American legal scholar, historian, and political scientist (1857–1926)

Francis Newton Thorpe (1857–1926) was an American legal scholar, historian, political scientist, and Professor of Constitutional History at the University of Pennsylvania.

==Biography==
Francis Newton Thorpe was born in the town of Swampscott, Massachusetts on April 16, 1857. He was descended from early settlers of Plymouth, MA and Boston, MA and Litchfield and Norwich, Connecticut. He received his primary education at North East Academy and his high school education at Lake Shore Seminary. He attended Syracuse University and pursued graduate studies at the University of Pennsylvania, where, at the age of 28, he became a University Fellow, holding the title of Professor of American Constitutional History from 1885 to 1898.
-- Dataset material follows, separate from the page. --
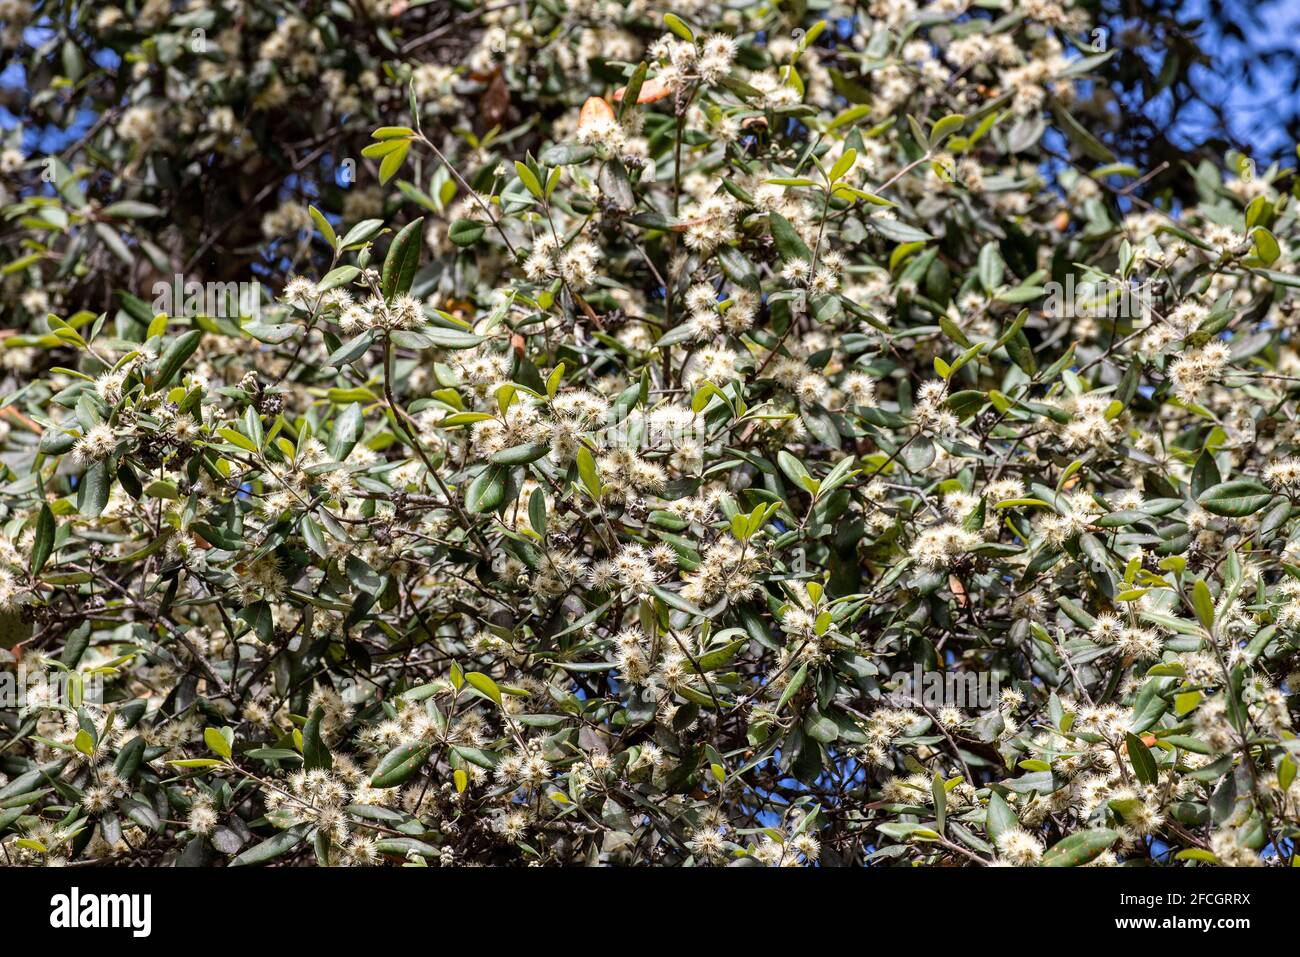 Australian Turpentine Tree in flower Stock Photo

An active member of the Pennsylvania Historical Society and leading member of the American Historical Association, Thorpe was admitted to the Pennsylvania bar in 1885. He married Marion Haywood Shreve on July 4, 1895. Describing the scholar's personal life, the Book News added that "In addition to his varied literary interests Mr. Thorpe, like many other sane people is fond of outdoor life and spends half of the year at his summer home... entertaining his friends... on a beautiful estate... called Indian Arrow Vineyards, on Lake Erie." Thorpe also owned a winter home in Mount Holly, NJ.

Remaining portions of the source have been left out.